**RECORD EXTRACTS:**
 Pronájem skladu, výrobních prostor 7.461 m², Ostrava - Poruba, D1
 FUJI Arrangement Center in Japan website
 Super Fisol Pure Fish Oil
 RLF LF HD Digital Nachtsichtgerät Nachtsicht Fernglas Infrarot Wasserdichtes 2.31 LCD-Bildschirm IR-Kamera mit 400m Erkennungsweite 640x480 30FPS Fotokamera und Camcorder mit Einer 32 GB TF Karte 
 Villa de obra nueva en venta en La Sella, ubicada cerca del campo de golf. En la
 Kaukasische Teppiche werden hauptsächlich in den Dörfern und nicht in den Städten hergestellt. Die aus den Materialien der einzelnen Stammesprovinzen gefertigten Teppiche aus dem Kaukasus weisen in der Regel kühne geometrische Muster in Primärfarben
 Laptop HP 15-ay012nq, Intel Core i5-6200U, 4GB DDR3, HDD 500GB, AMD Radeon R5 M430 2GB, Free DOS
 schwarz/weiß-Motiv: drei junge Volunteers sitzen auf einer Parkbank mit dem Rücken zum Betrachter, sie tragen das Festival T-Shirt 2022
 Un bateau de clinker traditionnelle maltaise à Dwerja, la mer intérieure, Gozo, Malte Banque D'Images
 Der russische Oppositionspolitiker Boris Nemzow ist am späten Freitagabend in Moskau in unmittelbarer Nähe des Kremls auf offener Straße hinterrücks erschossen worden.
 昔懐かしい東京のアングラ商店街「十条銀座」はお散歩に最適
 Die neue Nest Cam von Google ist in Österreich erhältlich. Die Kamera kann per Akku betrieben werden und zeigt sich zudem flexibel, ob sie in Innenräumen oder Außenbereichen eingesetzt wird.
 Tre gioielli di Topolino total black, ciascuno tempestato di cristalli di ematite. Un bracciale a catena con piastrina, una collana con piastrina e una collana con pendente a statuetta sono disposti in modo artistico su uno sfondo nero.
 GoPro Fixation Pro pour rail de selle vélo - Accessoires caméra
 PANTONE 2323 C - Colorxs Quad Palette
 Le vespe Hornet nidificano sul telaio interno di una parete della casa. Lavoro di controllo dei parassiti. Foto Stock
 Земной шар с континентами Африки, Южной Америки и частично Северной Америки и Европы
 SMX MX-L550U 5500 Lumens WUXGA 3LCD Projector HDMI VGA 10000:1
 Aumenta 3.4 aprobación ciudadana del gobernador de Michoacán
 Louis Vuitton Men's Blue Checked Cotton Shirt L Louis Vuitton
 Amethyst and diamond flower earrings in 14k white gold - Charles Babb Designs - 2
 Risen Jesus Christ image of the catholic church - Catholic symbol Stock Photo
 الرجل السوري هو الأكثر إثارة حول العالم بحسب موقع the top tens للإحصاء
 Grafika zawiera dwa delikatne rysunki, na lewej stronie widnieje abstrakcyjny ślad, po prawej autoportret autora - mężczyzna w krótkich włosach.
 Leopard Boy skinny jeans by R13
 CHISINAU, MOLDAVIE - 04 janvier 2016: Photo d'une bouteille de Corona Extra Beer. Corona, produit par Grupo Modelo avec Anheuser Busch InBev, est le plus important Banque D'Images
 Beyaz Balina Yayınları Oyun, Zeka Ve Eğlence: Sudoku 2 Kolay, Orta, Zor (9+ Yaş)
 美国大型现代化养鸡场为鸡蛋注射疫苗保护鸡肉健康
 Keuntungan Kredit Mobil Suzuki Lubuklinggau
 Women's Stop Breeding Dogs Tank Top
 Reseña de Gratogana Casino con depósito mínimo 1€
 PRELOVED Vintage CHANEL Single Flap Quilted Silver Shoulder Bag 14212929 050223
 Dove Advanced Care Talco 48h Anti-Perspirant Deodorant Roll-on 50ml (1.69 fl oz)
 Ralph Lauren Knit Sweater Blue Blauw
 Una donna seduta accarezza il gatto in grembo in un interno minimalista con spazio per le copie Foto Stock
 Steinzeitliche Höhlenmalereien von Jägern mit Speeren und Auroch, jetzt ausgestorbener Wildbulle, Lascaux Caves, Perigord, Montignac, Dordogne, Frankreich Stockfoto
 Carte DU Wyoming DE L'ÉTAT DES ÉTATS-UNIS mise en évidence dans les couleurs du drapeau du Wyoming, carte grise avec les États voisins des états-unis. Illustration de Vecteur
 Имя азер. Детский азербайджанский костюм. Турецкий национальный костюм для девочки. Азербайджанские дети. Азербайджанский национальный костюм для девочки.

**PROBLEM:** Each line in the listing where the word "avec" is found is to be copied.

**SOLUTION TO THE EXERCISE:**
 CHISINAU, MOLDAVIE - 04 janvier 2016: Photo d'une bouteille de Corona Extra Beer. Corona, produit par Grupo Modelo avec Anheuser Busch InBev, est le plus important Banque D'Images
 Carte DU Wyoming DE L'ÉTAT DES ÉTATS-UNIS mise en évidence dans les couleurs du drapeau du Wyoming, carte grise avec les États voisins des états-unis. Illustration de Vecteur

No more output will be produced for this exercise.